I have often asked whether the Obama administration had a strategy to confront the apparently enormous problem of cyber exploitation by the Chinese against U.S. firms. Yesterday it published the Administration Strategy on Mitigating the Theft of U.S. Trade Secrets. John Reed at FP describes this document as a “strategy to fight back against the wave of intellectual property (IP) theft facilitated by cyber espionage that has hit U.S. businesses in recent years.” But it does not purport to be that, and I certainly hope it is not the full USG plan to deal with Chinese cyber exploitation. The Strategy mentions cyber-theft as one element of a larger U.S. problem of theft of U.S. intellectual property by many means. Consistent with this broader theme, the Strategy begins with an (inadvertently) ironic and, in context, self-refuting three-year-old quotation from President Obama (“We are going to aggressively protect our intellectual property”) that was delivered in a speech about enhancing U.S. trade (and in a paragraph promoting the Anti-Counterfeiting Trade Agreement). The Strategy is twelve pages long followed by Annexes that contains mostly previously published information (such as this 2011 Office of the National Counterintelligence Executive Report).

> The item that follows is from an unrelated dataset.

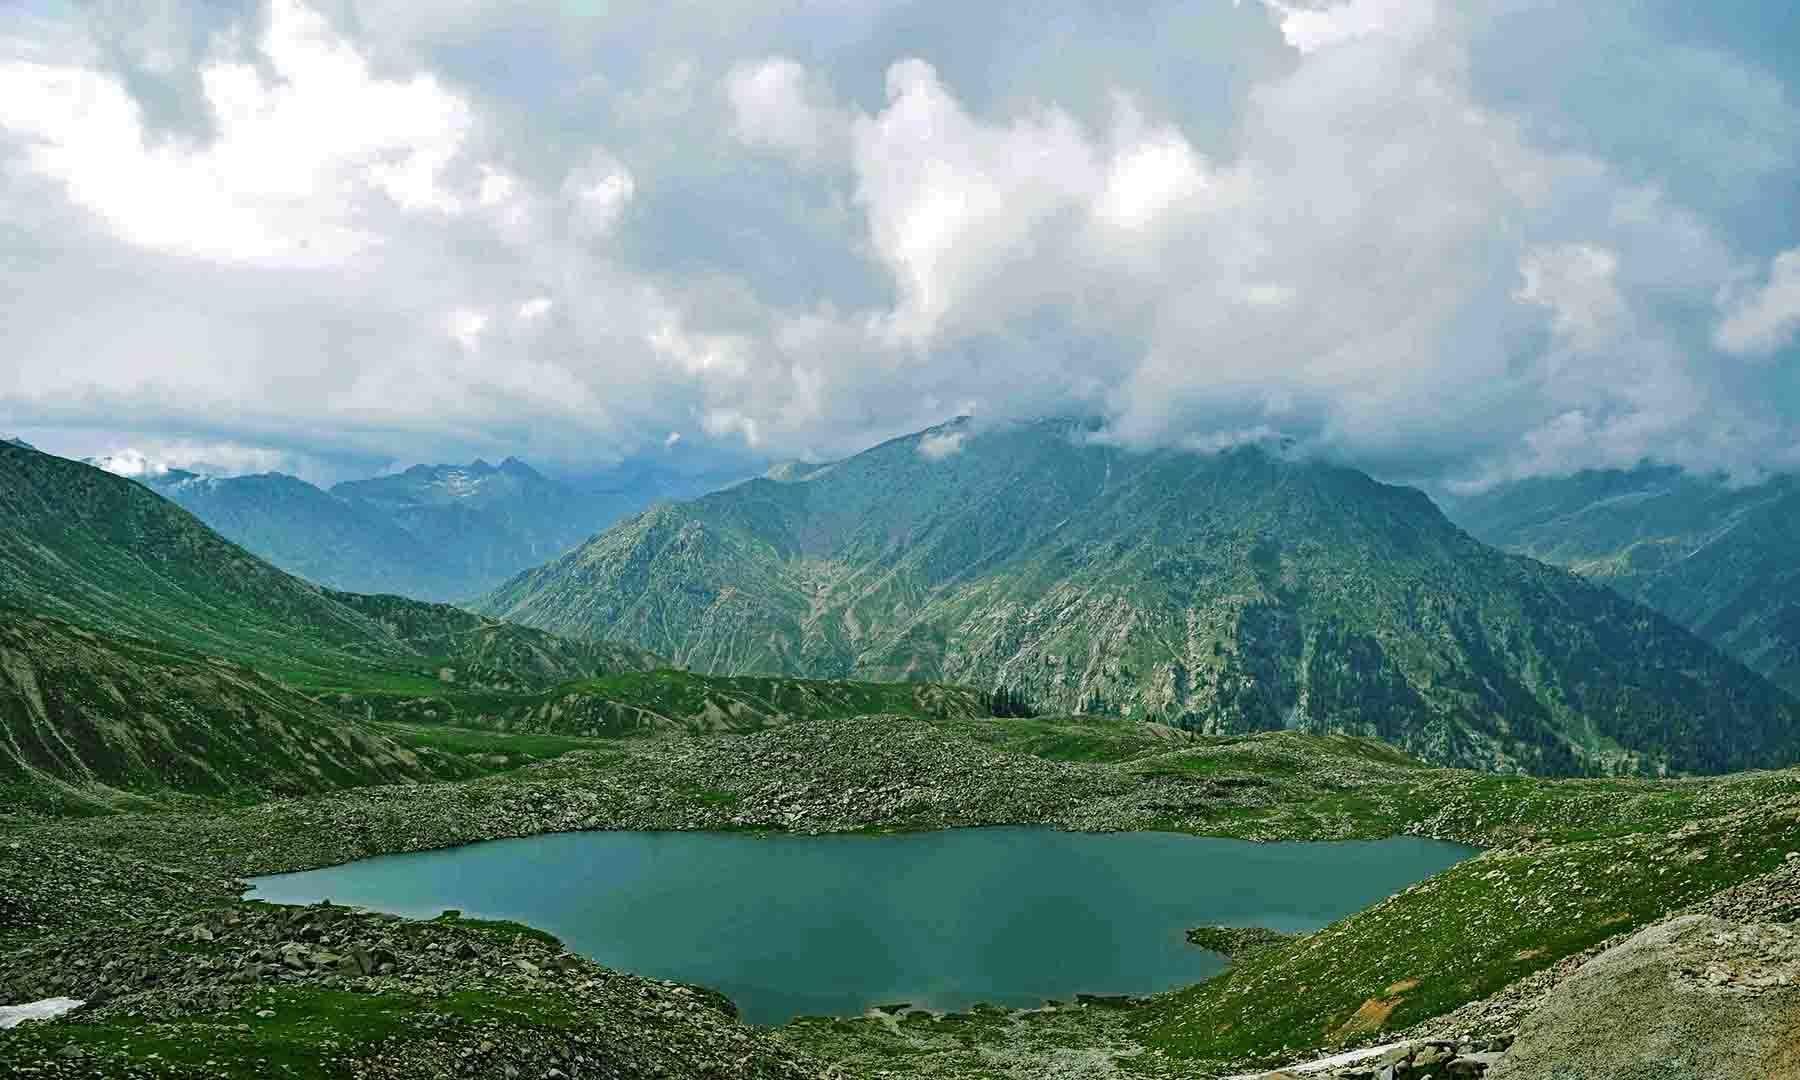 سطح سمندر سے 11 ہزار 500 فٹ بلندی پر واقع درال جھیل— امجد سیماب
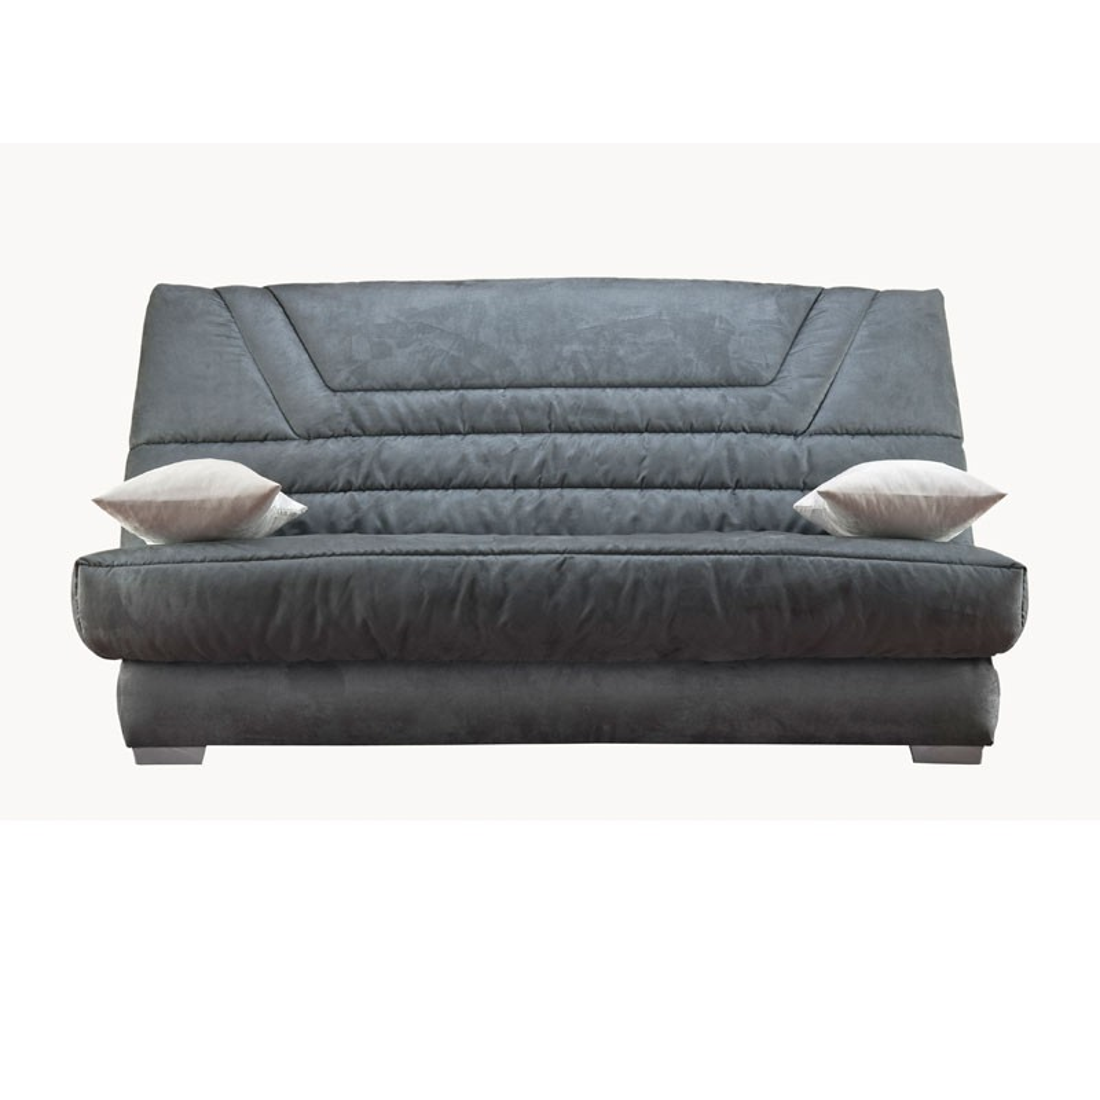 banquette lit clic clac tisgris matelas bultex 140 cm speed bria n 2. Black Bedroom Furniture Sets. Home Design Ideas

Those twelve pages outline a legal-diplomatic-educational approach to the general problem of intellectual property theft that has been characteristic of the U.S. intellectual property protection strategy for a long time.
As a response to the Chinese cyber exploitation problem – especially coming on the heels of Mandiant’s Report on China’s extensive cyber espionage, and at about the same time as this morning’s WP story that “almost all” of Washington’s “powerful … institutions have been penetrated by Chinese cyberspies” – the Strategy is a disappointment. Law enforcement and educational tools are useless as a response to hackers residing in China. And unless the diplomatic and trade law tools are ratcheted up to near-trade-war levels – which the Strategy does not propose, and which I seriously doubt will happen – they are almost certain not to have much of an impact on the problem of Chinese cyber exploitation, especially if, as the USG maintains, the Chinese are reaping such huge rewards from cyber theft.
In addition, as Adam Segal, the best China Cyber watcher, explained a few weeks ago, the Chinese aren’t reacting as hoped to the USG shaming strategy:
Several commentaries and an article in the People’s Daily all suggest that Beijing is not reacting to the public announcements with anything approaching shame. In fact, they all portray the claims as part of an effort to discredit China and distract from the offensive actions the United States is taking in cyberspace. The People’s Daily notes that while the United States is portraying itself as the “patron saint of the free Internet” it has plans to expand U.S. Cyber Command fivefold. He Hui, deputy director at the Communication University of China, argues that the claims about Chinese hacking are getting tiresome and in fact serve three alternate purposes: they raise suspicion about China’s rise in the United States and the rest of the world; help raise defense budgets, especially for cyber weapons; and justify protectionist trade measures against Chinese firms that are beginning to challenge the big American companies.
In analyzing international relations, it is often fruitful to see problems from the adversary’s perspective. As Segal’s post suggests, and as China’s reaction this week confirms, from China’s perspective, the USG – with its redoubtable National Security Agency, its newly established Cyber Command, its documented successes in true cyberattacks, its publicly announced plans to enhance significantly its cyber capabilities (including offensive capabilities), its commitment to preemptive offensive measures to check serious cyber threats, and its aggressive policy of promoting online censorship-defeating tools (which the Chinese government sees as a core attack on Chinese sovereignty) – is at least as big a bully on the block.
The United States and China have for a while been engaged in a cyber arms race of sorts (though the “weapons” are various). It is an especially dangerous arms race because of its vast potential scope and because it is taking place almost entirely in the shadows. I don’t have any great solutions to the problem (compare this novel proposal by Stewart Baker, which is interesting but does not consider how China might retaliate), and my criticisms of the administration should definitely be seen in that light. But I feel pretty confident that unless and until we seek to better understand and (to some degree) to accommodate cybersecurity problems as the Chinese see them – a step that would be contrary to many American values, and thus something I do not expect to happen anytime soon – the arms race will continue, unabated, and not obviously to our net benefit.